At one point the first 6 Foxfire books were on line in digital. They are copyrighted so were removed from the interweb. You can google a Kindel version or buy hard copies.


----------



## WolfHD

Thank you, Sir(Nimrod) for replying. Everywhere I looked the pdf versions were gone. I used to have all of them except book 10, correction 10 & 11. Computer went South for the Winter, and never came back. And the genius that I am forgot to back them up.

I will keep looking, am I will continue to hope that someone will be willing to share Book 9, maybe even email me a copy.

Sir, I sincerely hope you(everyone here) has a great & safe weekend.


----------



## HermitJohn

https://www.tapatalk.com/groups/nagual/the-foxfire-series-of-survival-books-t1770.html


----------



## IlliniosGal

WolfHD said:


> Thank you, Sir(Nimrod) for replying. Everywhere I looked the pdf versions were gone. I used to have all of them except book 10, correction 10 & 11. Computer went South for the Winter, and never came back. And the genius that I am forgot to back them up.
> 
> I will keep looking, am I will continue to hope that someone will be willing to share Book 9, maybe even email me a copy.
> 
> Sir, I sincerely hope you(everyone here) has a great & safe weekend.


Why don't you try getting them through your public library system?


----------



## WolfHD

IlliniosGal said:


> Why don't you try getting them through your public library system?


You wouldn't believe me if I told you. But, Thank you anyway.


----------



## RobertDane

seedspreader said:


> http://66.49.174.38/i-ff/index.htm
> 
> Free .pdf download of the first 6 FF books.


Aren't those the survival books that were popular back in the 60s and 70s...the anti big brother era when long hair was in..and living off the land..away from the 'rules'..was popular?


----------



## Wolf mom

RobertDane; read post #11 for your answer.


----------



## Nimrod

WolfHD said:


> You wouldn't believe me if I told you. But, Thank you anyway.


OK, You opened this subject and our curiosity is peaked. Do you want to enlighten us or leave it to our speculation? 

My memory works slowly. I think the story was that the first 5 Foxfire books are not copyrighted and the rest are.


----------



## WolfHD

Nimrod said:


> OK, You opened this subject and our curiosity is peaked. Do you want to enlighten us or leave it to our speculation?
> 
> My memory works slowly. I think the story was that the first 5 Foxfire books are not copyrighted and the rest are.


Many years ago, I went to take some videos back to the Library that my wife and I had checked out, but the Library was closed. Odd enough it was supposed to be open! The next day I went to take the videos back, and they wanted to charge me over $12.00, ($4.00 for each of the three videos per day + tax.), and we are not talking about last week in a rich city, we are talking about over 30 years ago, in a piss poor town in the middle of nowhere SWVA. I asked them if it was some kind of mistake, and they said "No, will that be cash or credit?" I blew up - I got mad, the law was called and I got permanently banned from the library in this county.
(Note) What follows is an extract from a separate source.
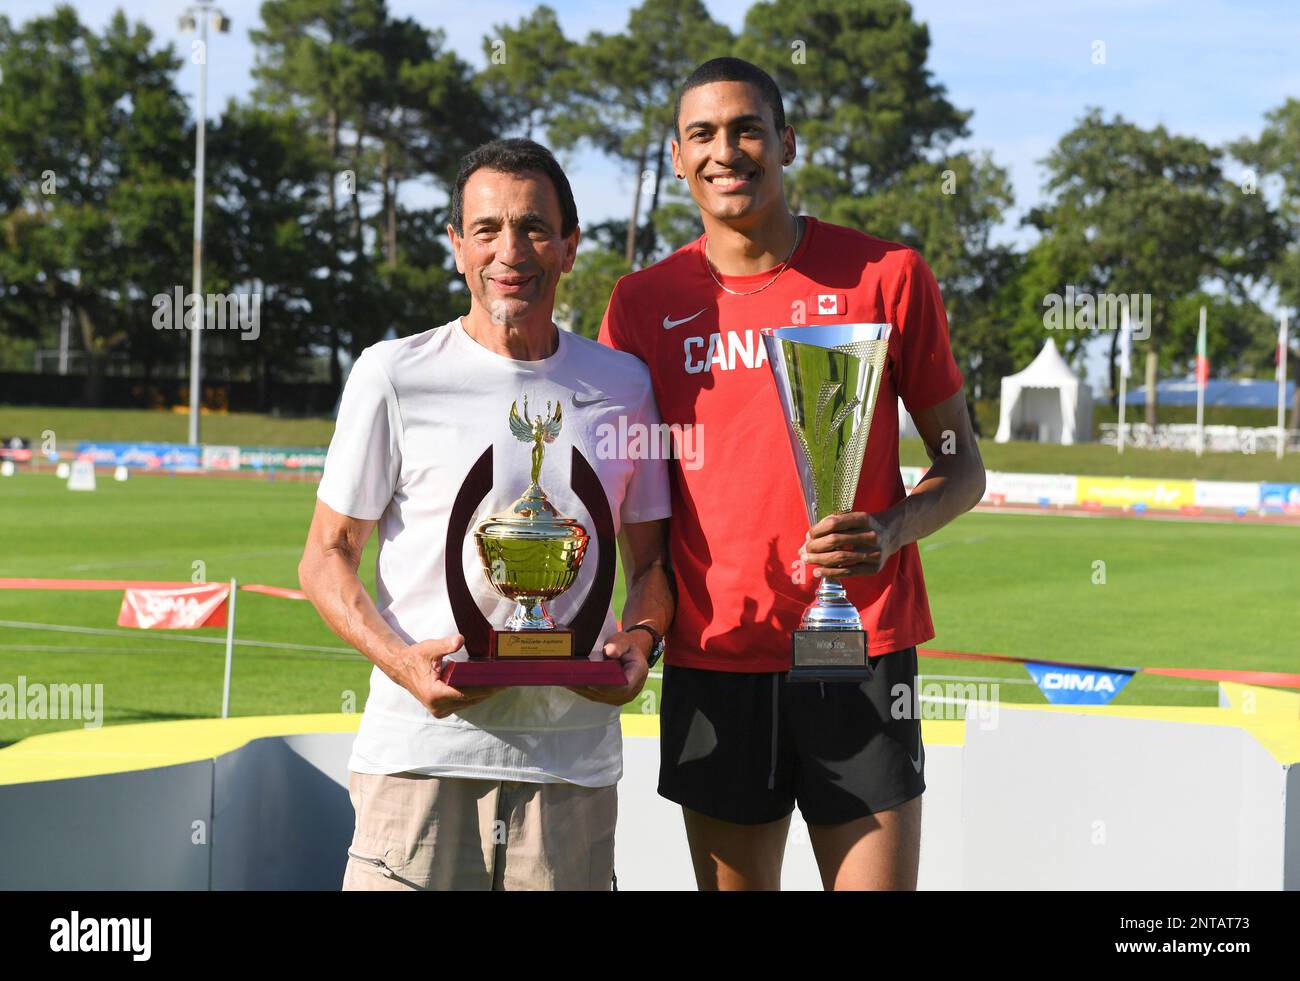 Pierce LePage (CAN), right, poses with trophy and coach Gregory Portnoy  after winning the decathlon with 8,453 points during the decathlon at the  DecaStar meeting, Saturday, June 23, 2019, in Talence, France. (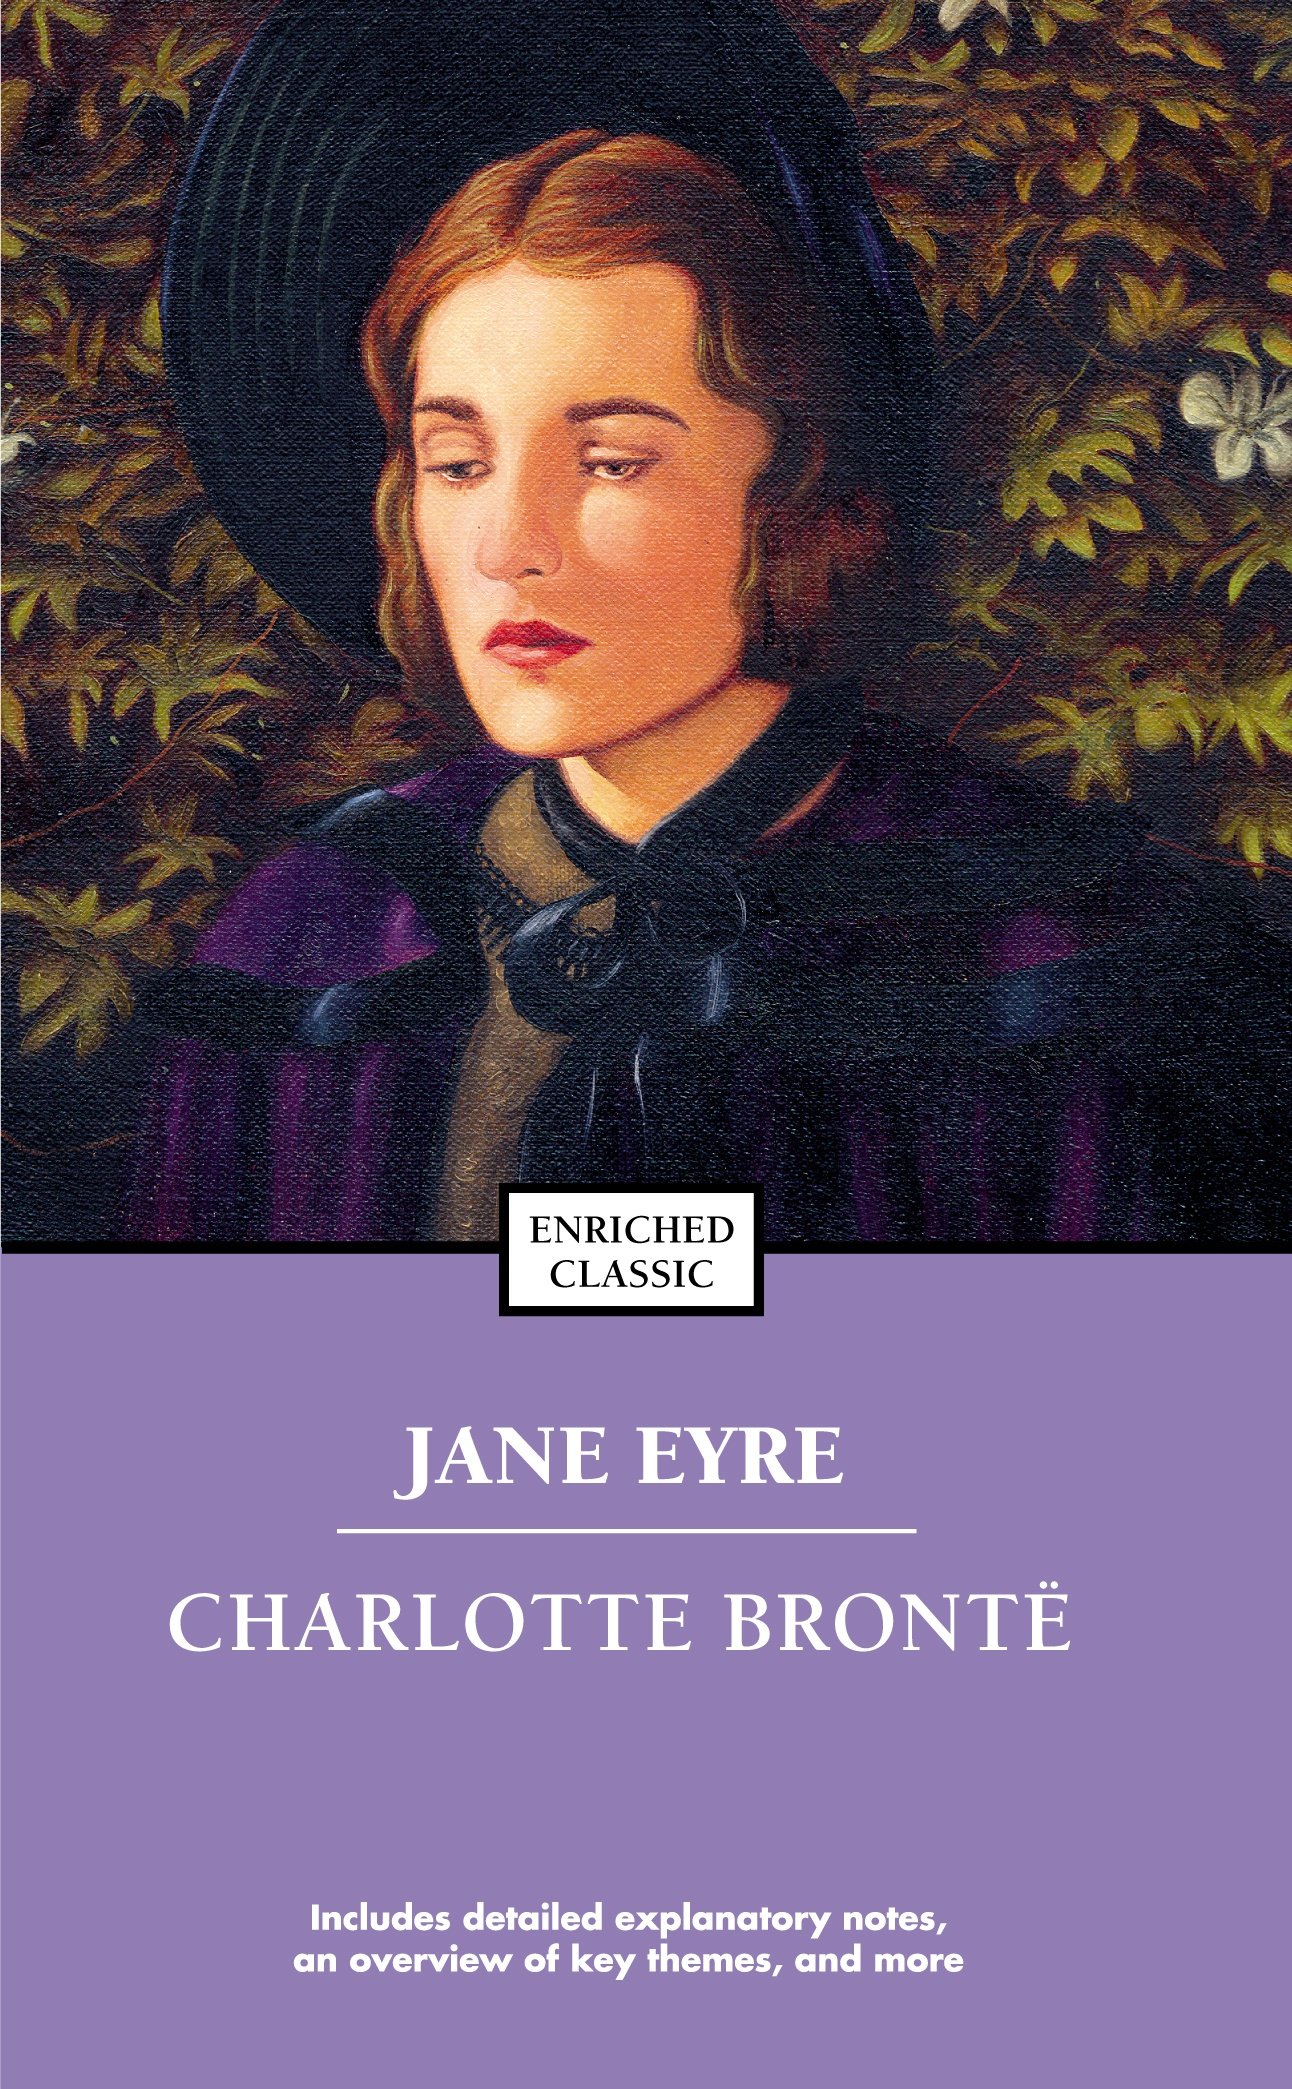 Jane Eyre, by Charlotte Bronte - book that everyone should read

Speculation might have been a better story, but there you have it. Oh, and no I wasn't arrested.


----------



## RobertDane

Wolf mom said:


> RobertDane; read post #11 for your answer.


Did so..thanks...Yes I remember them well...


----------



## PBJohn

seedspreader said:


> http://66.49.174.38/i-ff/index.htm
> 
> Free .pdf download of the first 6 FF books.


Bob, I attempted to use your link to the Foxfire downloads and the Homesteading website and was blocked both times. The reason was issues with "phishing and attempts to obtain personal information". Too many responses from folks that didn't have the same problem makes me wonder if it's a Microsoft issue - perhaps blocking you for some reason. Any suggestions? Thanks so much.


----------



## po boy

PBJohn said:


> Bob, I attempted to use your link to the Foxfire downloads and the Homesteading website and was blocked both times. The reason was issues with "phishing and attempts to obtain personal information". Too many responses from folks that didn't have the same problem makes me wonder if it's a Microsoft issue - perhaps blocking you for some reason. Any suggestions? Thanks so much.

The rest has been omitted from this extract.